_Information shown_
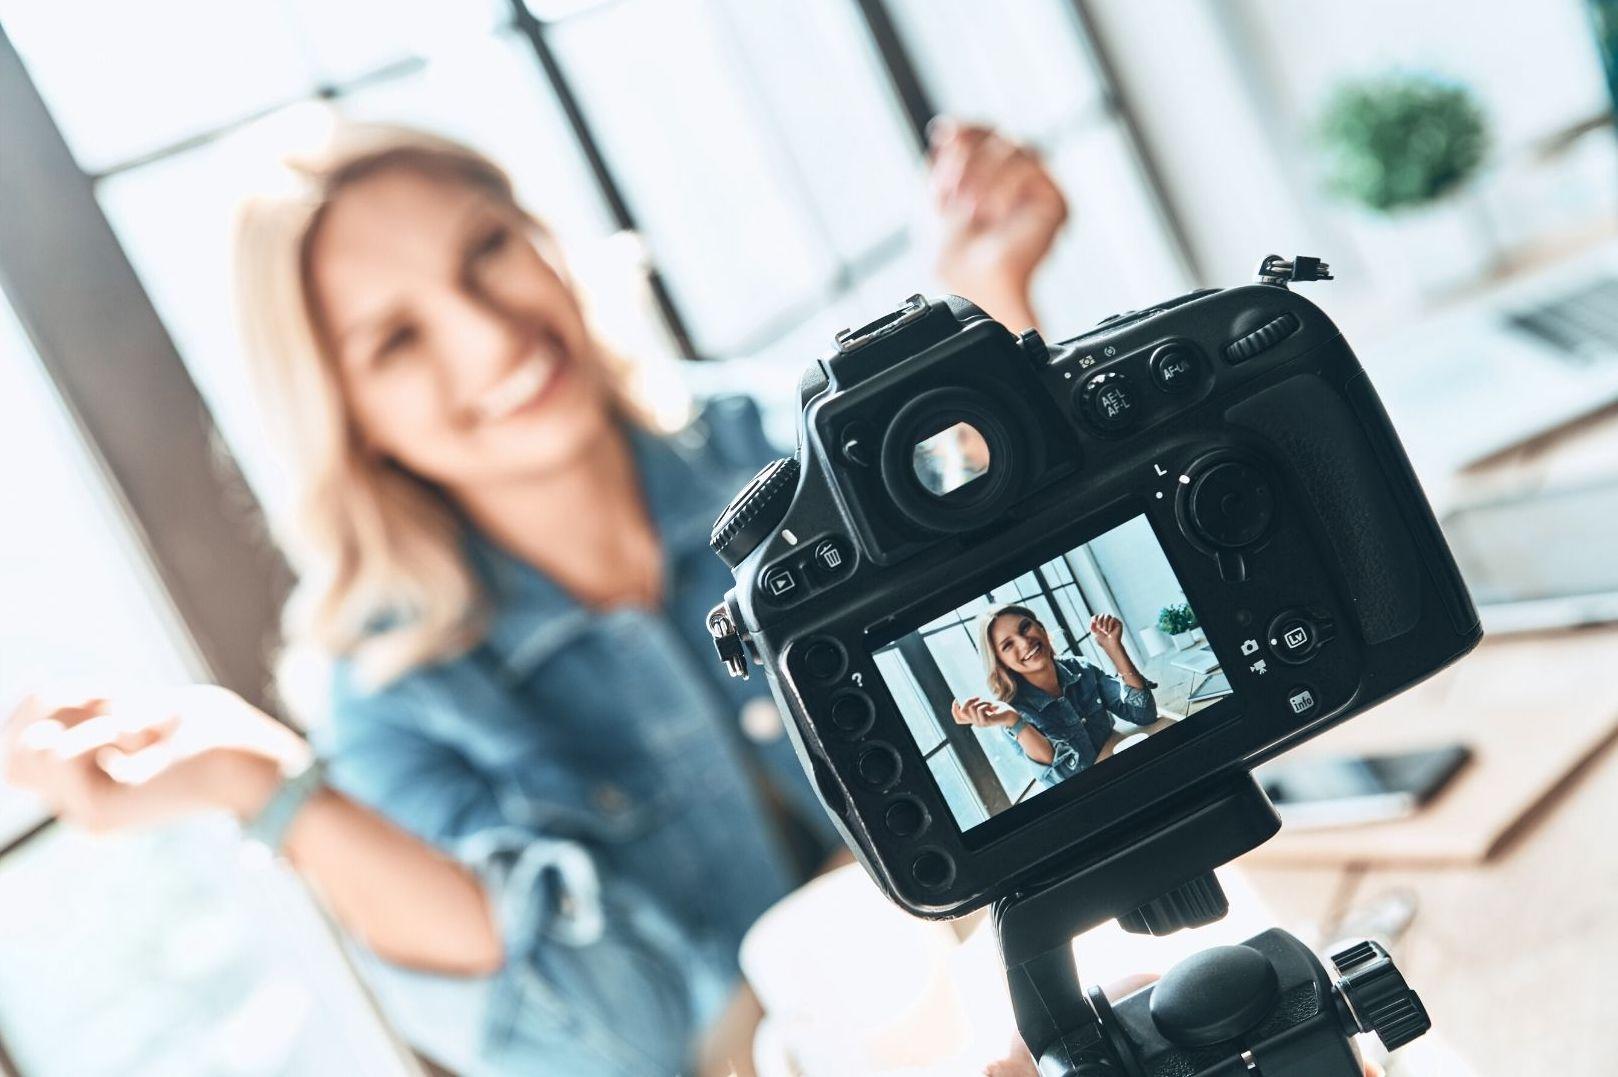 Sveriges största influencers Instagram
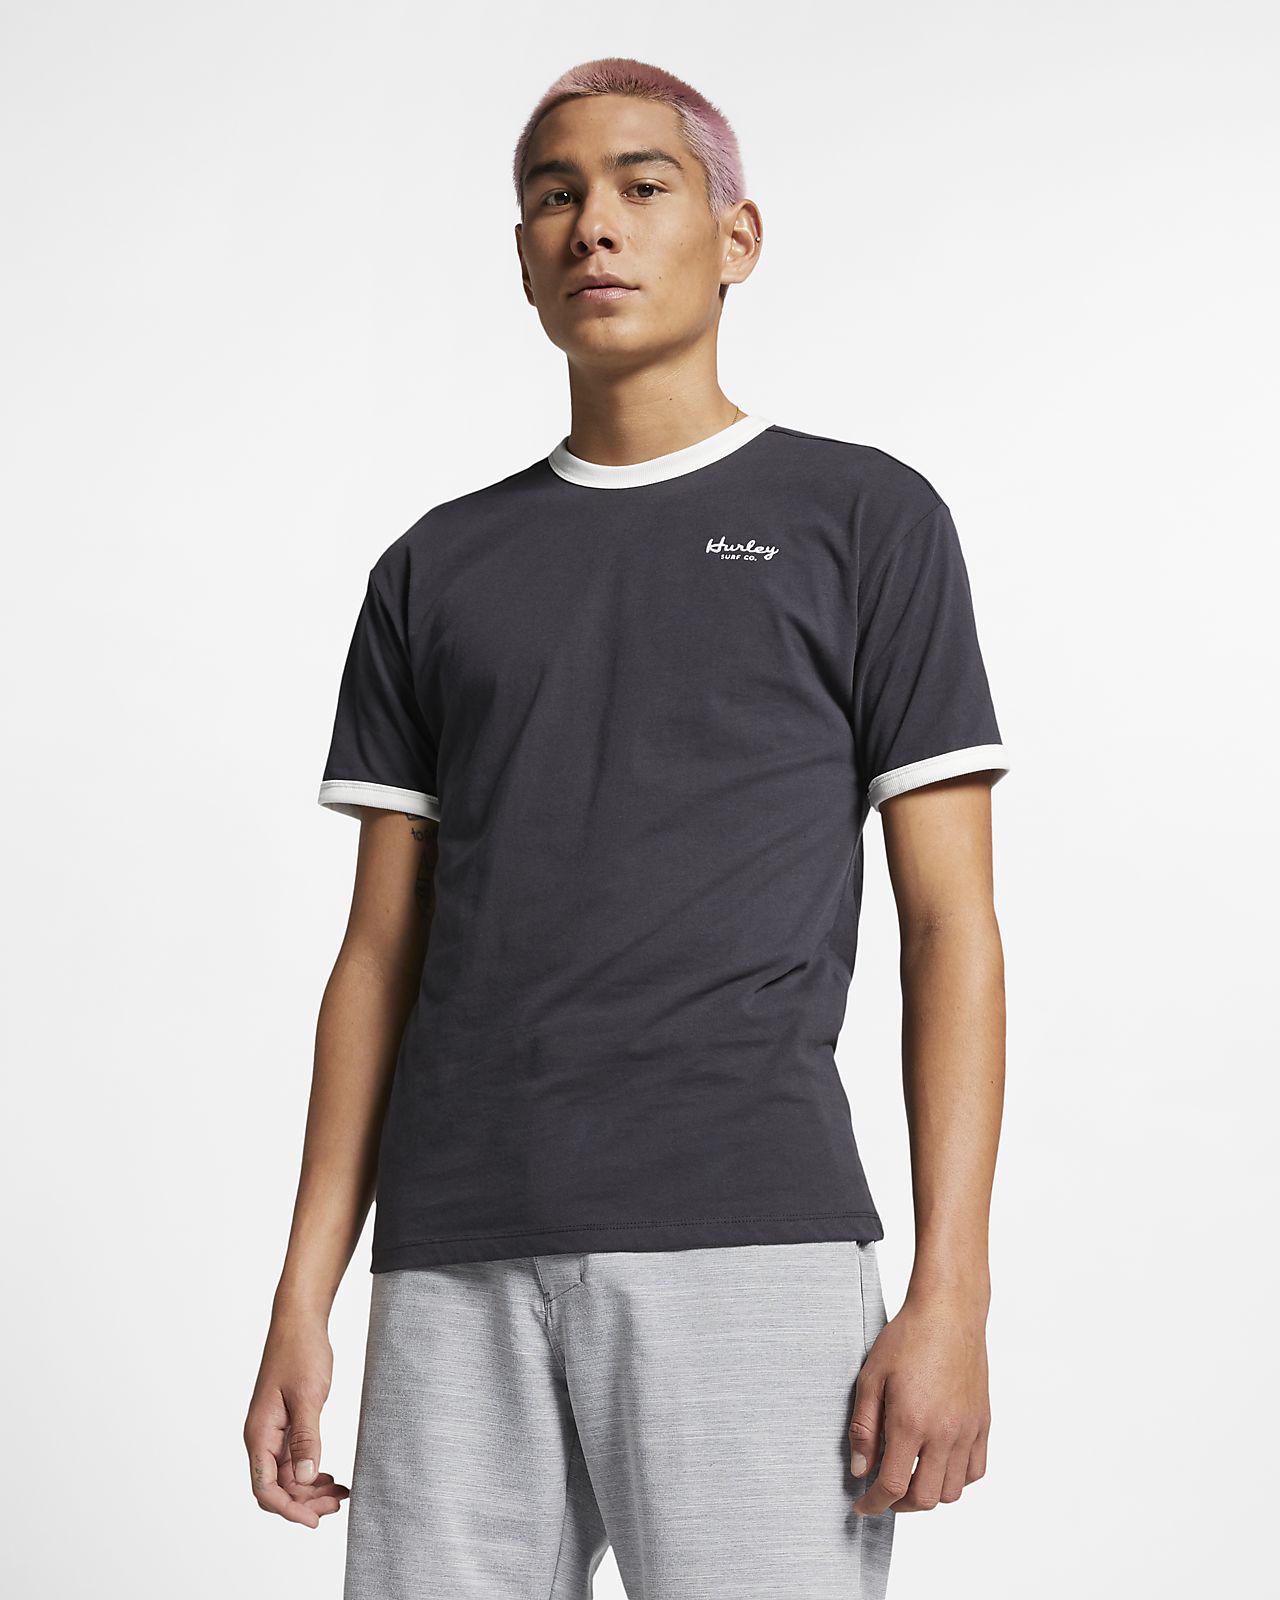 149a90f4 Hurley Dri-FIT Harvey Ringer Men's Short-Sleeve Top. Nike.com ZA
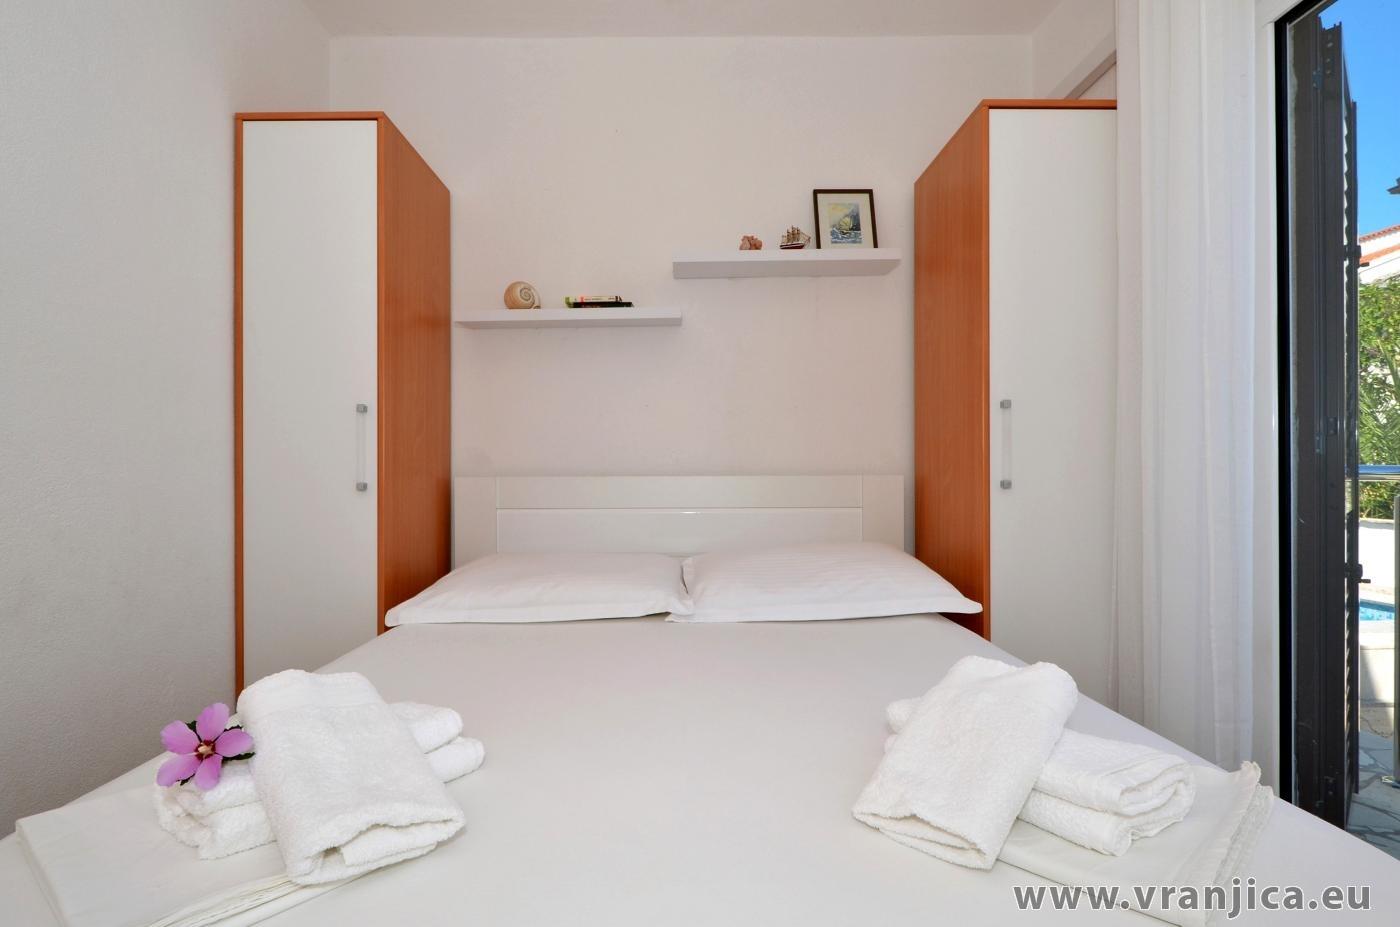 https://www.vranjica.eu/pokoje/apartman-inge-ap2-4-1-1572992470L.jpg
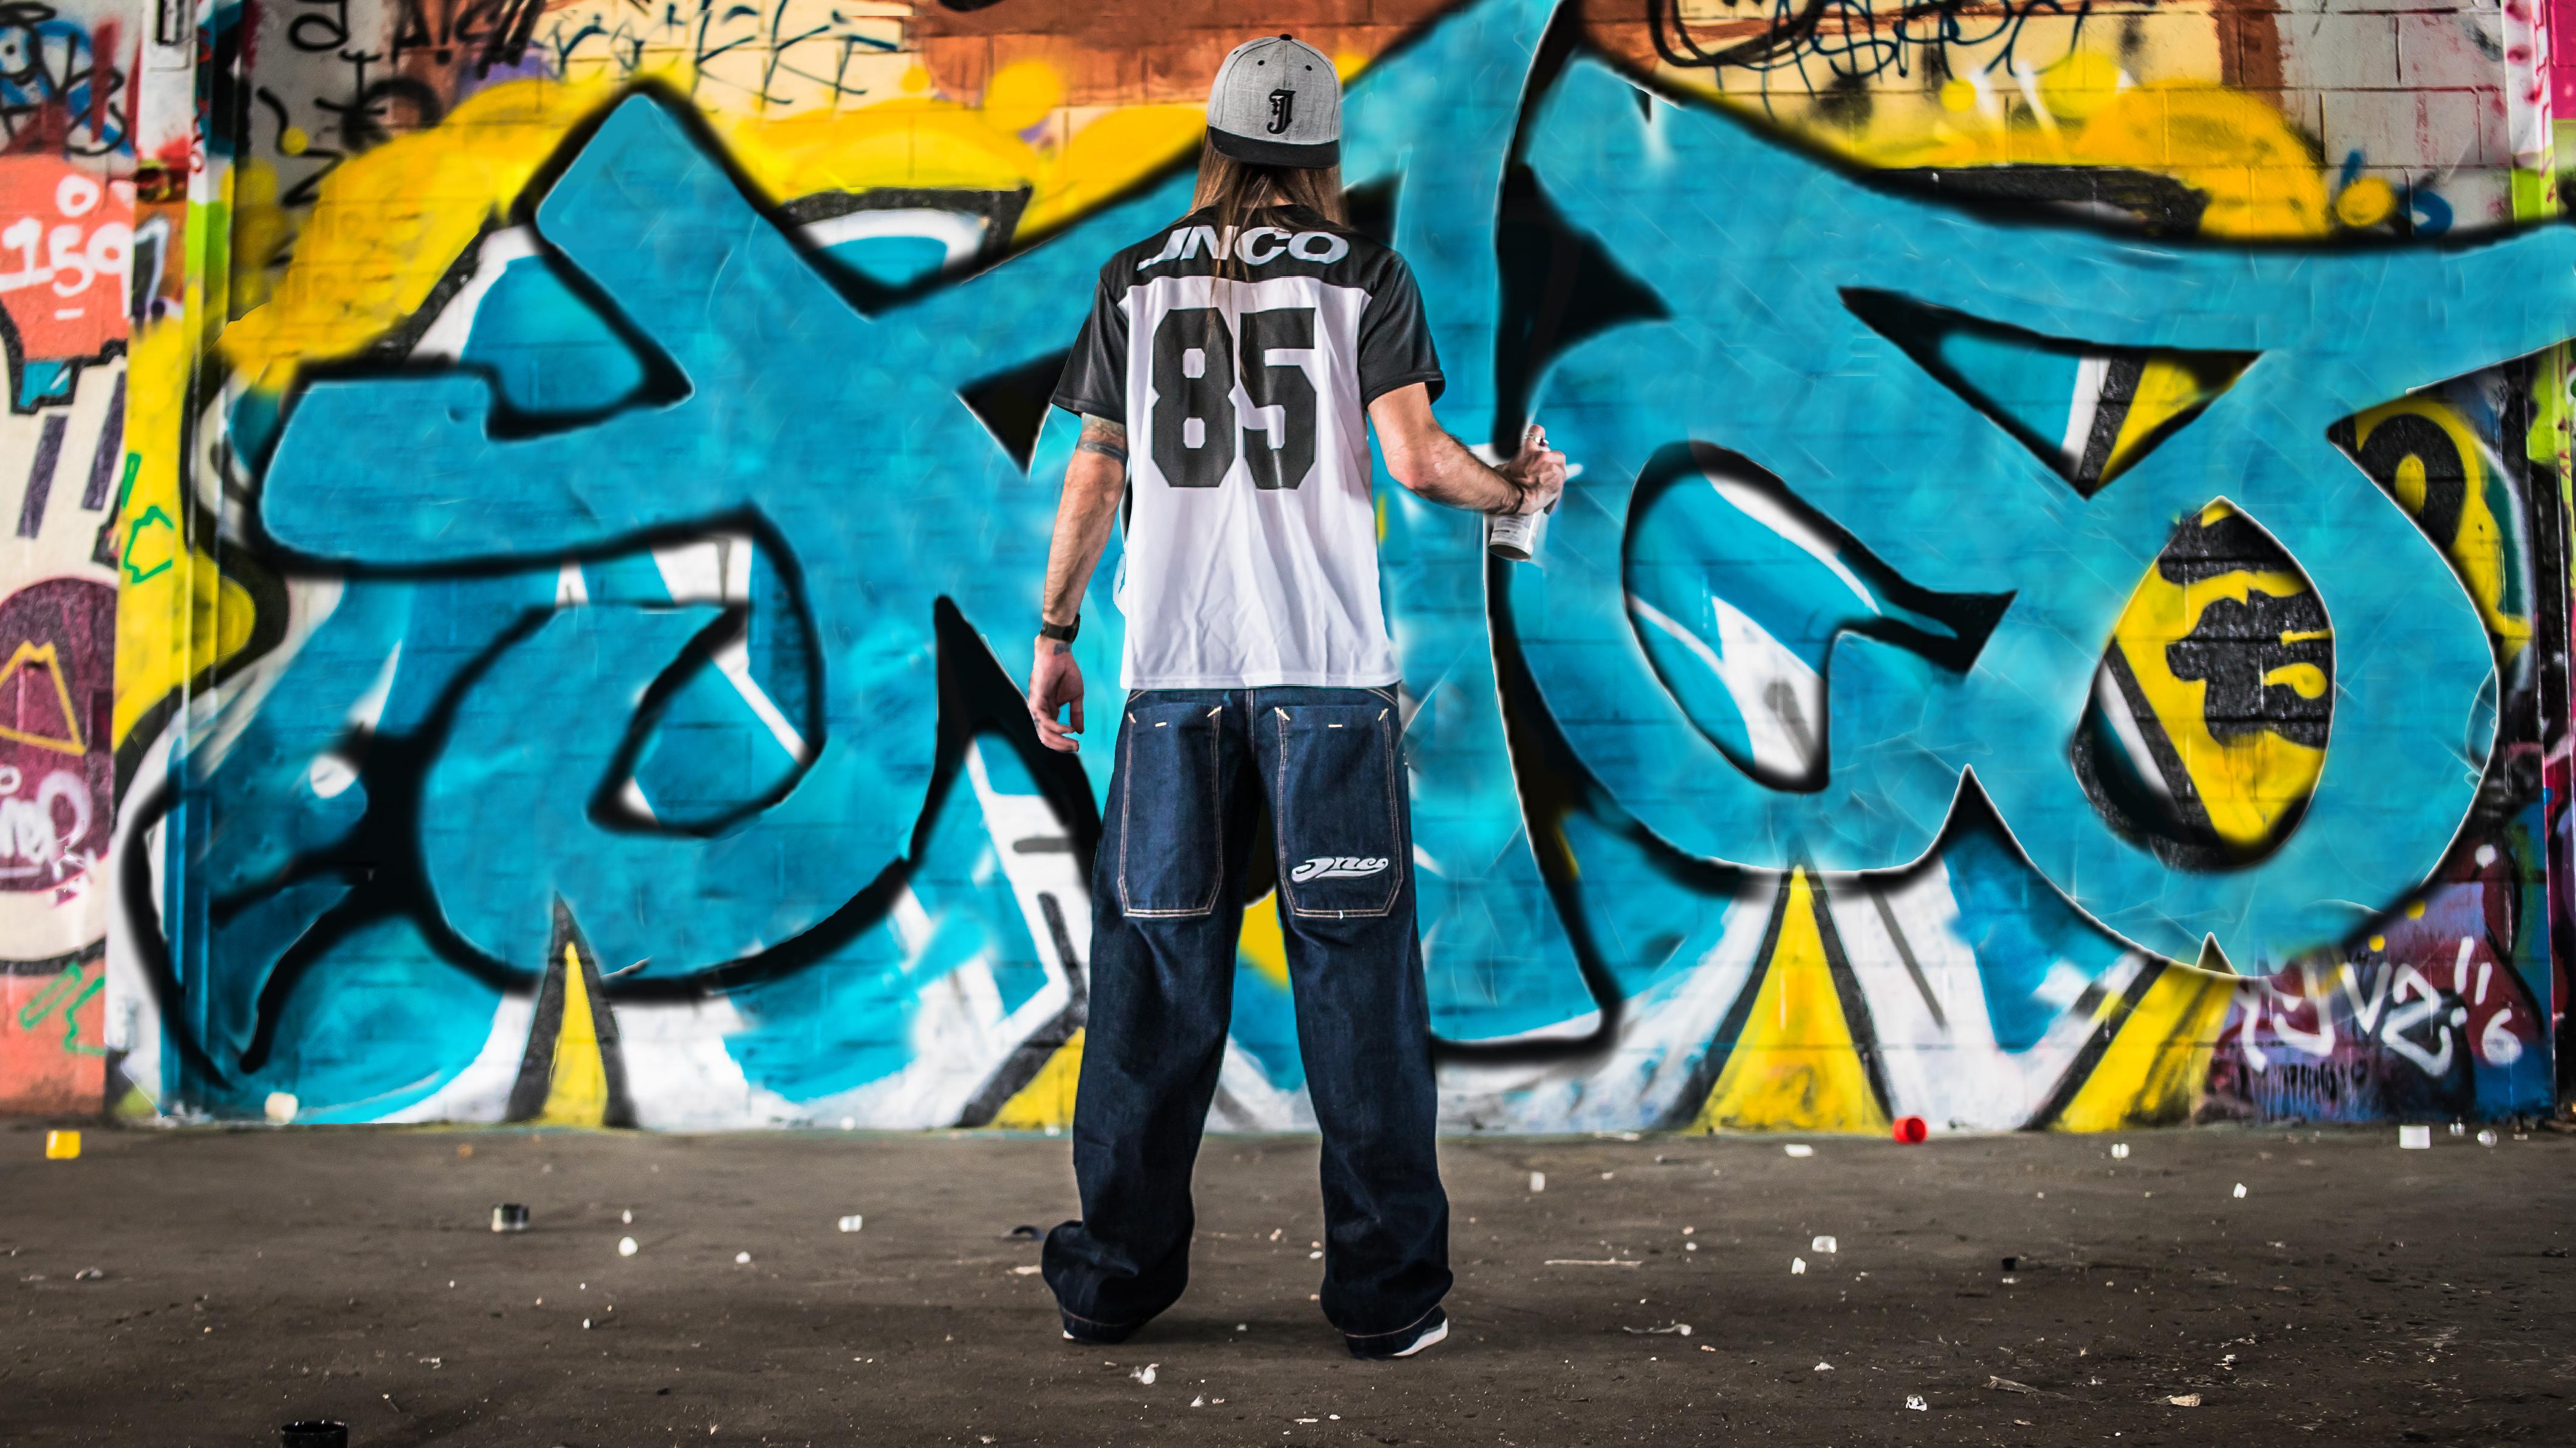 JNCO Graffiti

_Activity_
Leave the pictures out, and print every line of the listing exactly as written.

_Your solution_
 Sveriges största influencers Instagram
 149a90f4 Hurley Dri-FIT Harvey Ringer Men's Short-Sleeve Top. Nike.com ZA
 https://www.vranjica.eu/pokoje/apartman-inge-ap2-4-1-1572992470L.jpg
 JNCO Graffiti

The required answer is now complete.